7. The User may not copy, modify, distribute, sell or lease any part of our services or software. He/she may not perform reverse analysis or try to extract any source code. Otherwise, the User shall be fully liable for loss caused to the Provider and for its lost profit.

XII. Third-party services

Third parties are engaged in providing Payment Services that are necessary for their providing, e. g. Another Provider of Payment Services, identity verification services, cryptographic services, and so on.

For the purpose of technical performance of the Payment Services, the Provider engages external providers of services and chooses and reviews them with due care, while paying attention to confidentiality obligation and personal data protection in accordance with applicable legislation.

XIII. Protection against money-laundering and financing of terrorism (AML/CFT)
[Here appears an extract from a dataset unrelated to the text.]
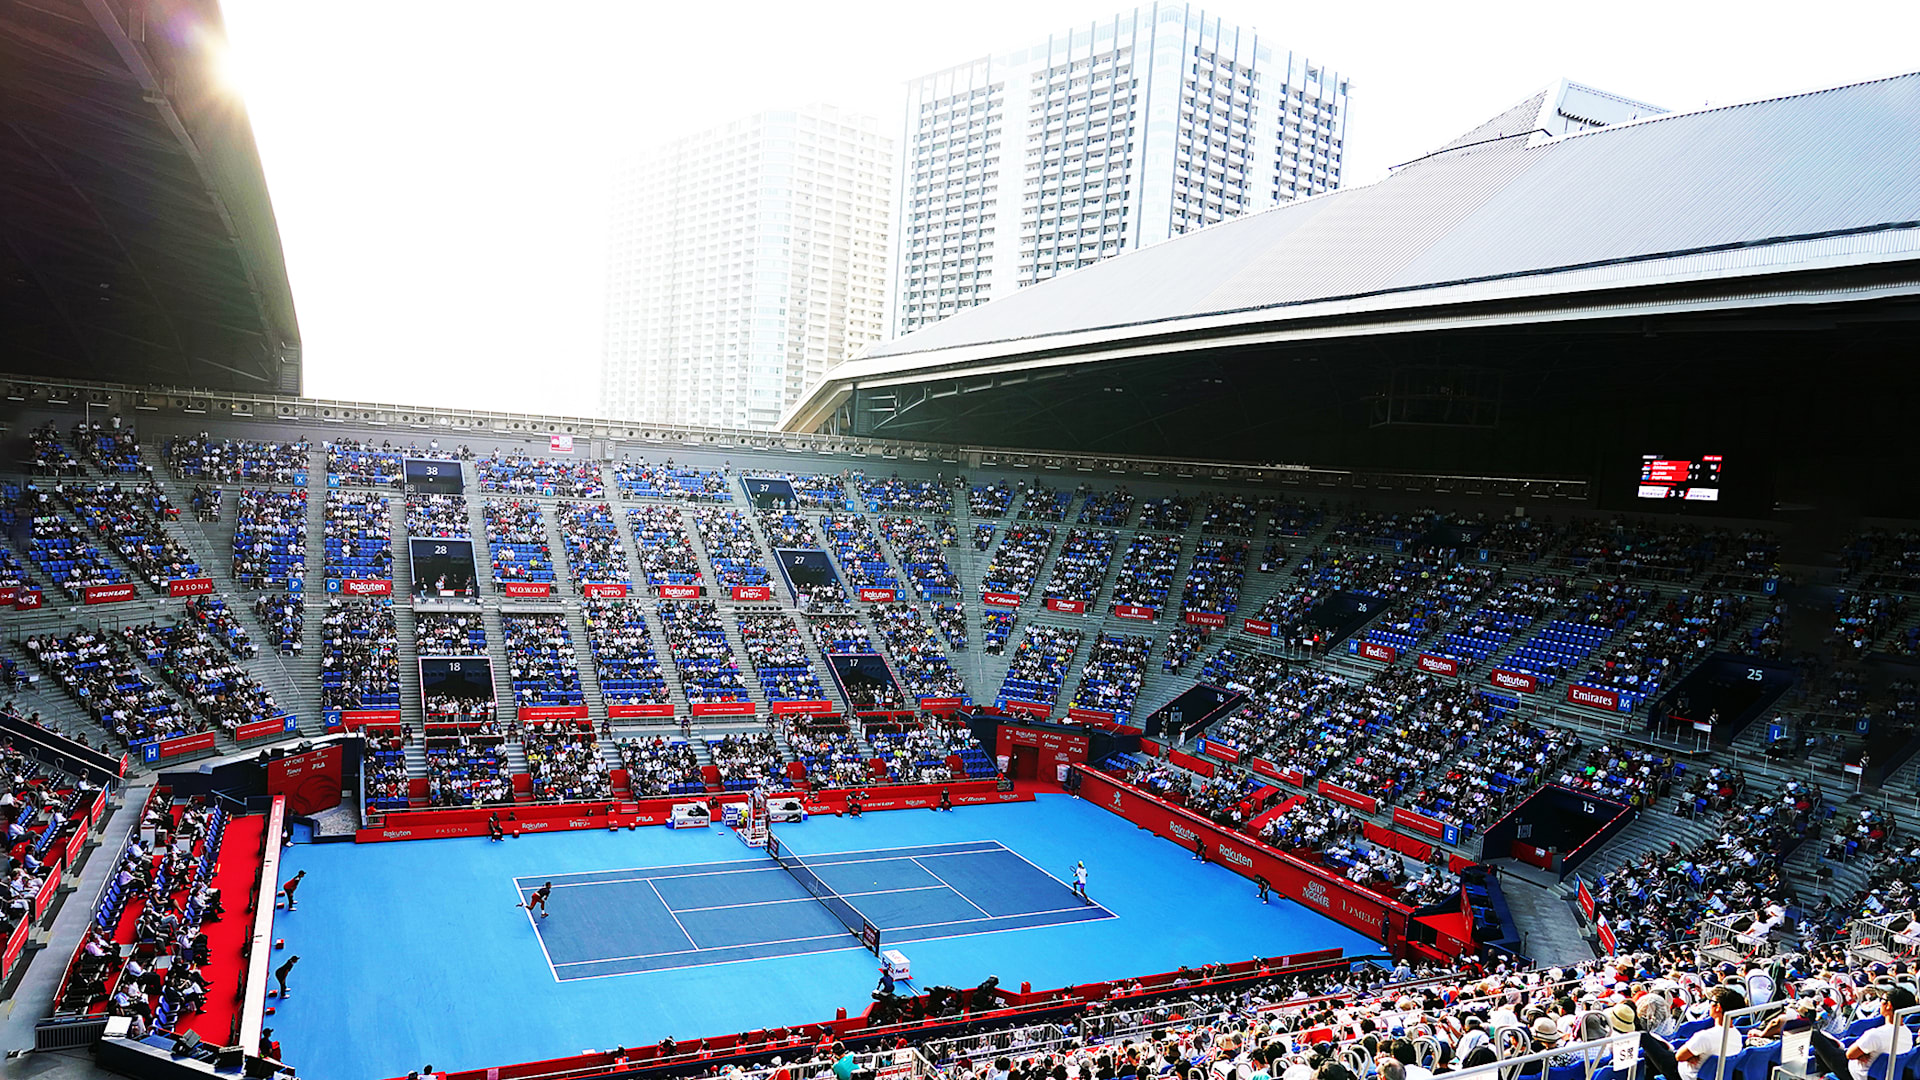 Revamped tennis venue “looking fantastic” for Tokyo 2020

The Provider shall observe all measures in the area of combatting money-laundering and financing of terrorism pursuant to Act No. 297/2008 on Protection Against Legalising Proceeds From Criminal Activity and on Protection Against Financing of Terrorism and on the amendment and supplementing of several statutes as amended and pursuant to the Program of Own Activities directed against legalising of proceeds from criminal activities and against the financing of terrorism.

Publication of the Contract Terms on 1 November 2021

The Contract Terms take effect from 1 November 2021.